150 year history of official dissembling about protest numbers
Written By: London Socialist Historians Group
Date: January 2002
Date: January 2002
Published In LSHG Newsletter Issue 14: Lent 2002
Members of the London Socialist Historians Group attended the 100,000-strong anti-war demonstration in London on November 18th. Following police claims that only 15,000 people had attended, we issued the following press release:
“The London Socialist Historians Group, sponsors of the socialist history seminar at the Institute of Historical Research in central London, have pointed out that there is an historical parallel for official underestimation of the numbers attending protests in the Capital stretching back 150 years. “At the Stop the War demonstration on 18th November, police estimated 15,000 had attended, while the organisers put the figure at 100,000. By an interesting coincidence 15,000 was also the number estimated as attending the Chartist protest at Kennington Common on Monday 10th April 1848 by the senior police officer in charge Richard Mayne.
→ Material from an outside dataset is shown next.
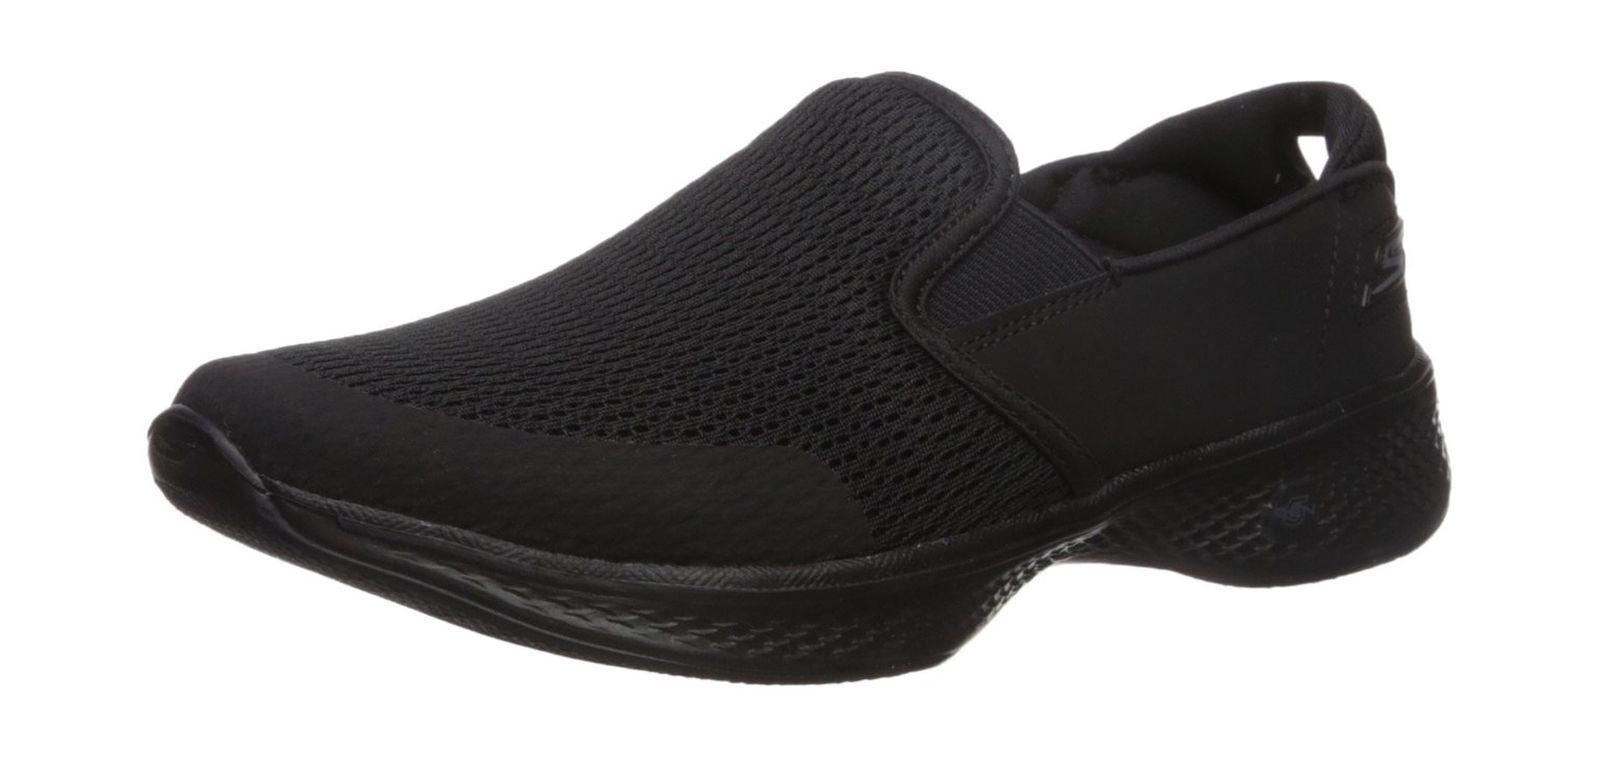 chaussures SKECHERS femmes RAGAZZA PERFORMANCE GO WALK 4 14927 noir BBK ATTUNED NEW

Chartist organisers argued that 100,000 plus had attended, and historians have tended to support this estimate, by reference to photographs of the protest and other evidence.
“London Socialist Historians Convenor Keith Flett said, Underestimating the numbers on demonstrations in order to downplay the significance of protests is one of the oldest tricks of authority in Britain. It is not the preserve of the paranoid or conspiracy theorists either. Historical investigation into the Chartist demonstration on April 10th 1848 shows that the process of the 'official lie' was first used then and is still current today.”